When legendary writer Dan Jenkins called it “East Pebble Beach,” Day and Nicklaus were pleased to have created an iconic golf course that has stood the test of time as the ultimate challenge in this modern age of ever-longer rides.

The list of winners speaks about the quality of the layout. Virtuosos like Johnny Miller, Hubert Green, Hale Irwin and of course Palmer and Nicklaus showed the way. Later came Tom Watson, Nick Faldo, Nick Price and Greg Norman, and the all-time leading all-time winner, five-time winner Davis Love III. Jim Furick, Matt Kuchar and Webb Simpson are among the notable winners of the last decade.

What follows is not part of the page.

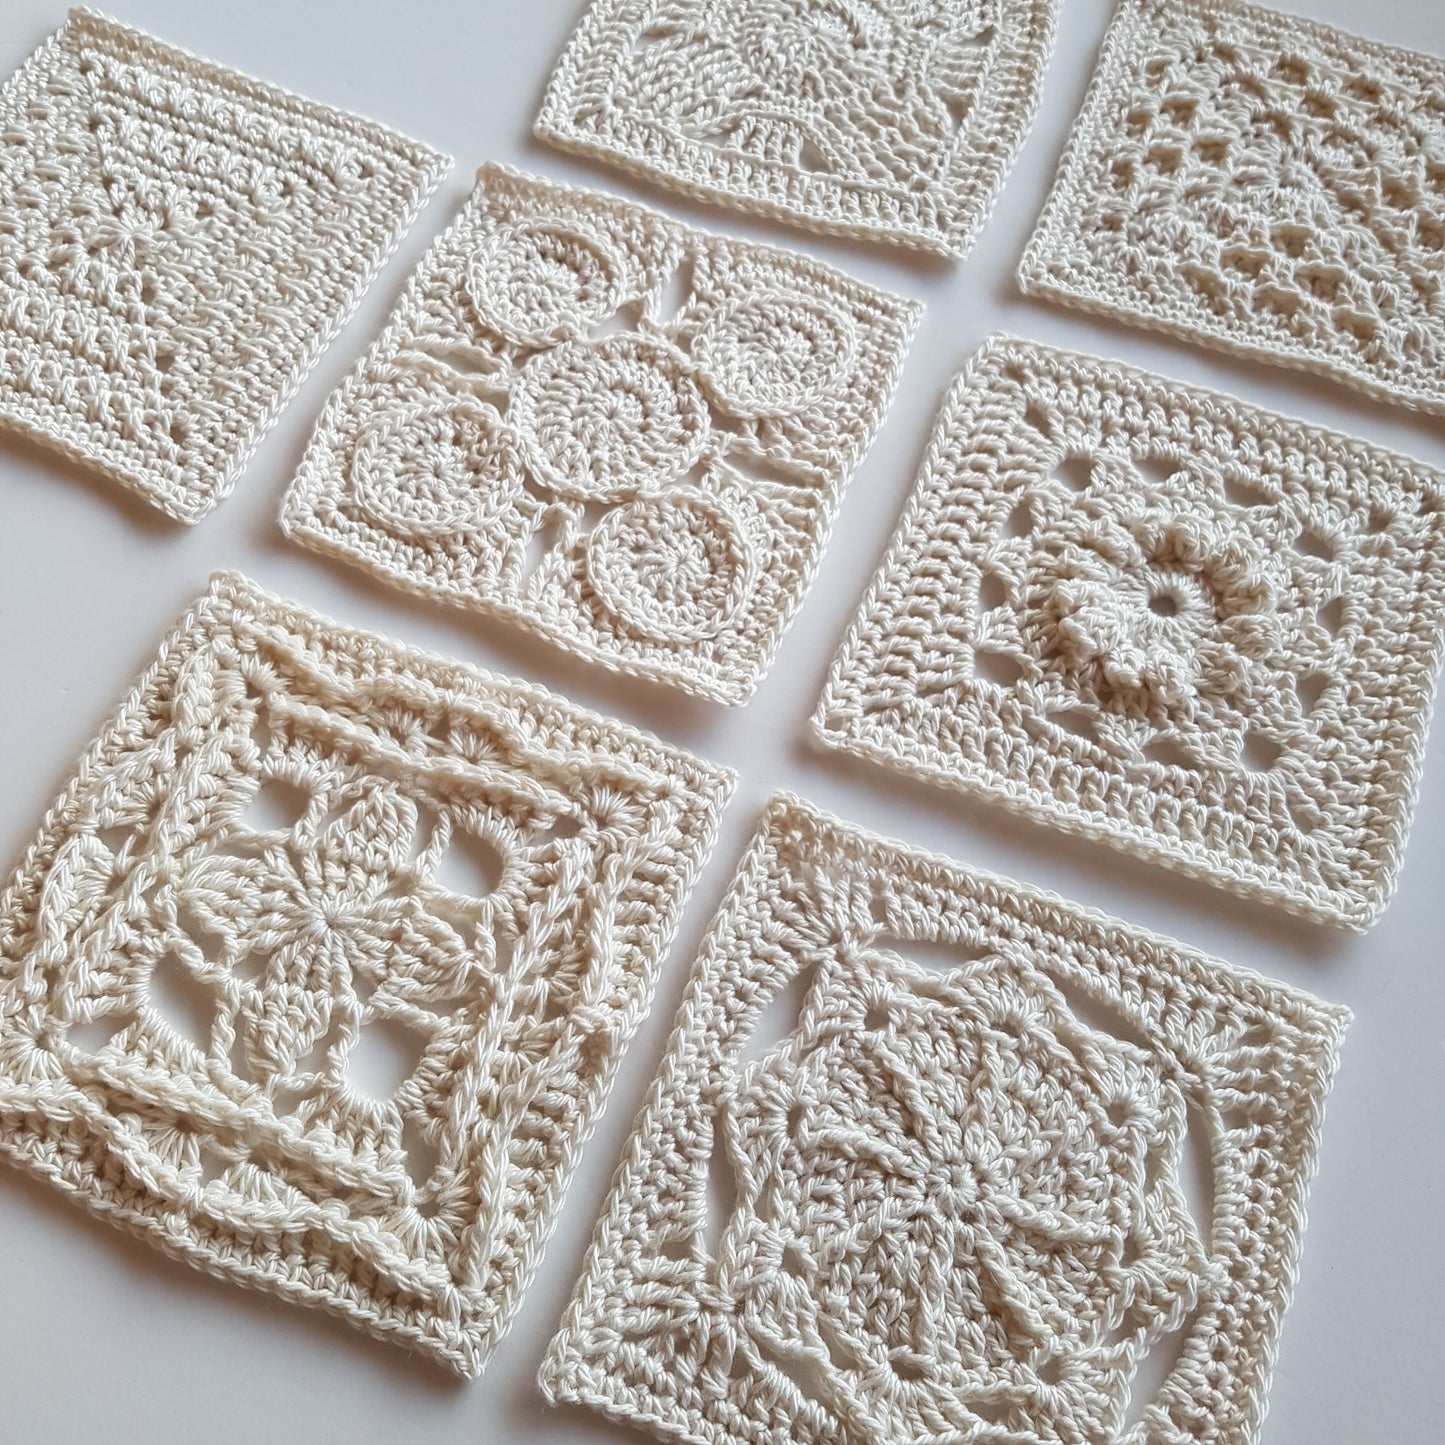 Cream granny squares from Granny Square Flair by Shelley Husband

When Nicklaus made his final planning tour two weeks before the inaugural tournament, he realized that Heritage Classic (a name inspired by what is considered the first golf club in the United States – South Carolina Golf Club, chartered in 1896) needed a course. which would suit founder Charles Fraser and the PGA Tour as hoped it would be a special event on the schedule. Said Jack, prophetically, “They have the ability in the process to do that.”